Another crash. 10.3 seems to be incredibly unstable. This is the third crash we are reporting. Here is the log:

Mar 2 19:23:23 litemasha mysqld[1246]: 190302 19:23:23 [ERROR] mysqld got signal 11 ;
Mar 2 19:23:23 litemasha mysqld[1246]: This could be because you hit a bug. It is also possible that this binary
Mar 2 19:23:23 litemasha mysqld[1246]: or one of the libraries it was linked against is corrupt, improperly built,
Mar 2 19:23:23 litemasha mysqld[1246]: or misconfigured. This error can also be caused by malfunctioning hardware.

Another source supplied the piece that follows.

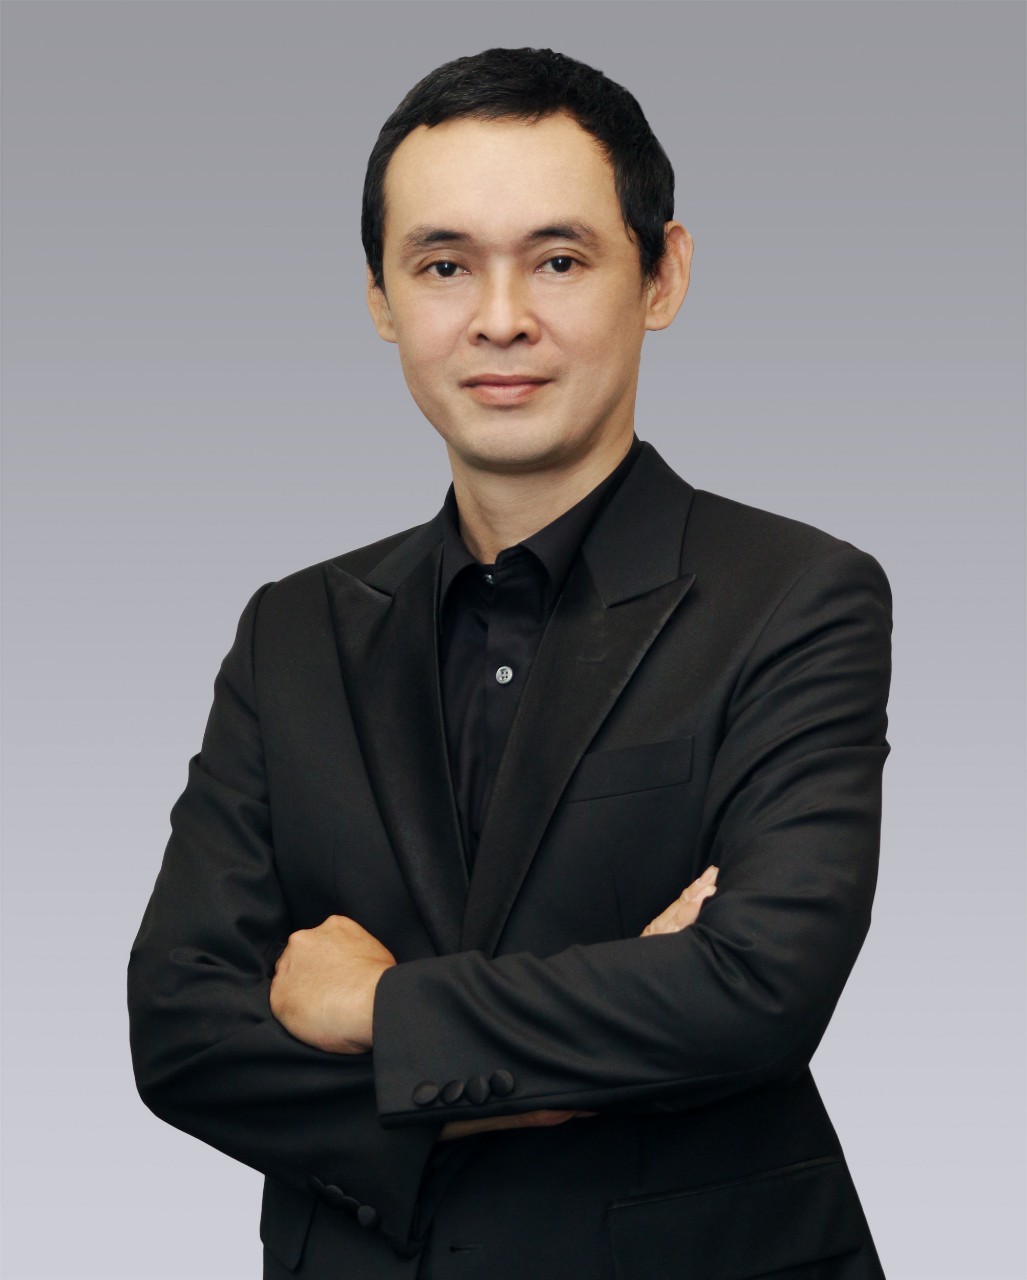 
Ông Vũ Minh Chí, Quản lý cấp cao, Dịch vụ Công nghiệp, Colliers (Việt Nam)

Mar 2 19:23:23 litemasha mysqld[1246]: To report this bug, see https://mariadb.com/kb/en/reporting-bugs
Mar 2 19:23:23 litemasha mysqld[1246]: We will try our best to scrape up some info that will hopefully help
Mar 2 19:23:23 litemasha mysqld[1246]: diagnose the problem, but since we have already crashed,
Mar 2 19:23:23 litemasha mysqld[1246]: something is definitely wrong and this may fail.

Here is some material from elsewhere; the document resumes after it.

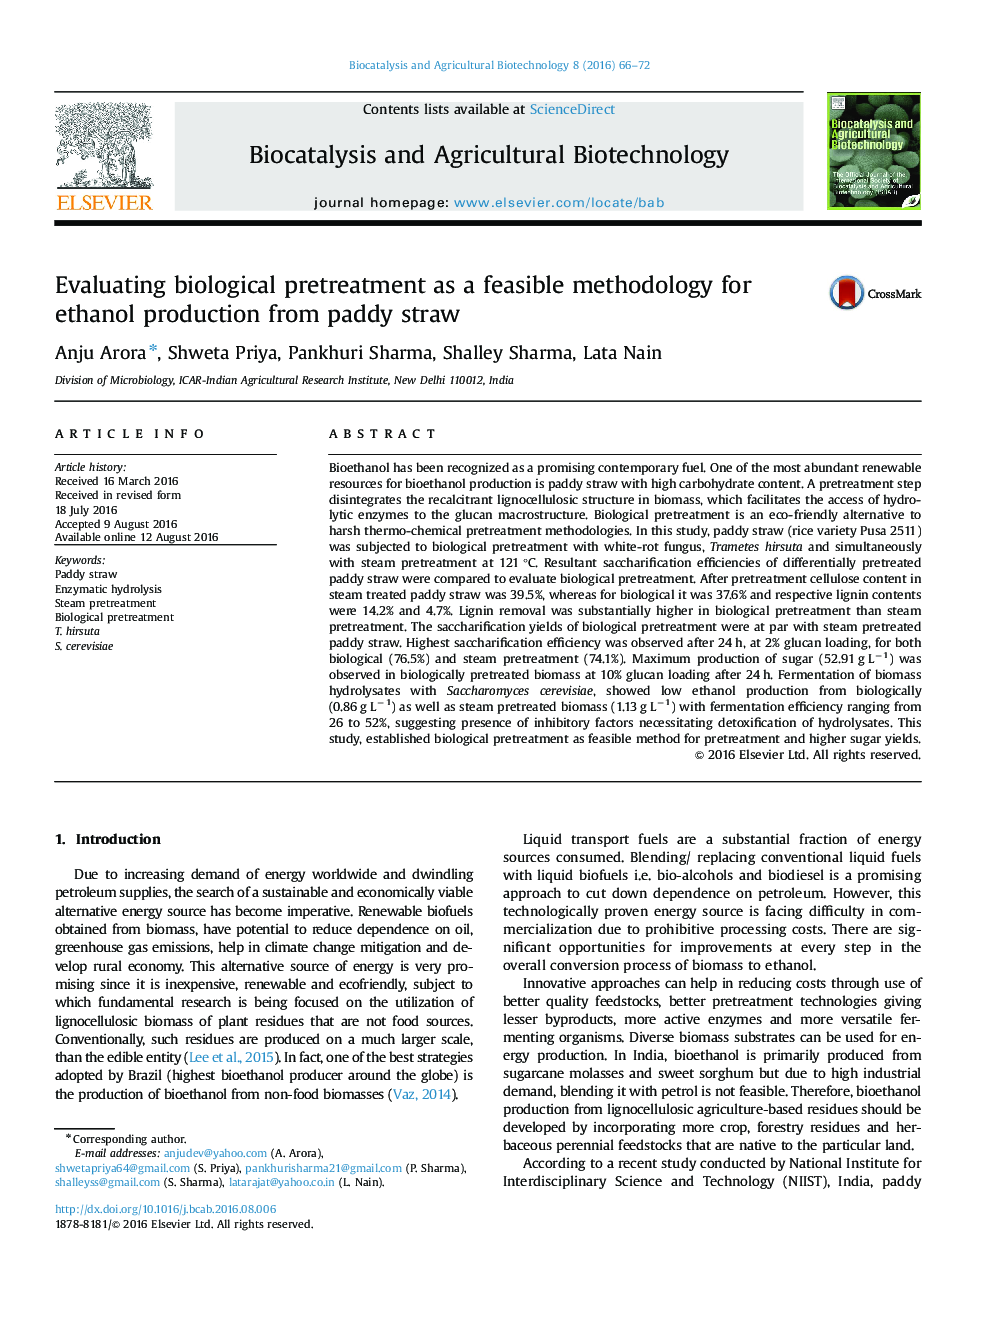 ارزیابی پیشگیری از بیولوژیکی به عنوان روش شناسی قابل اجرا برای تولید اتانول از نی کرت

Mar 2 19:23:23 litemasha mysqld[1246]: Server version: 10.3.13-MariaDB-1:10.3.13+maria~xenial
Mar 2 19:23:23 litemasha mysqld[1246]: key_buffer_size=134217728
Mar 2 19:23:23 litemasha mysqld[1246]: read_buffer_size=2097152
Mar 2 19:23:23 litemasha mysqld[1246]: max_used_connections=23
Mar 2 19:23:23 litemasha mysqld[1246]: max_threads=202
Mar 2 19:23:23 litemasha mysqld[1246]: thread_count=21
Mar 2 19:23:23 litemasha mysqld[1246]: It is possible that mysqld could use up to
Mar 2 19:23:23 litemasha mysqld[1246]: key_buffer_size + (read_buffer_size + sort_buffer_size)*max_threads = 1376643 K bytes of memory
Mar 2 19:23:23 litemasha mysqld[1246]: Hope that's ok; if not, decrease some variables in the equation.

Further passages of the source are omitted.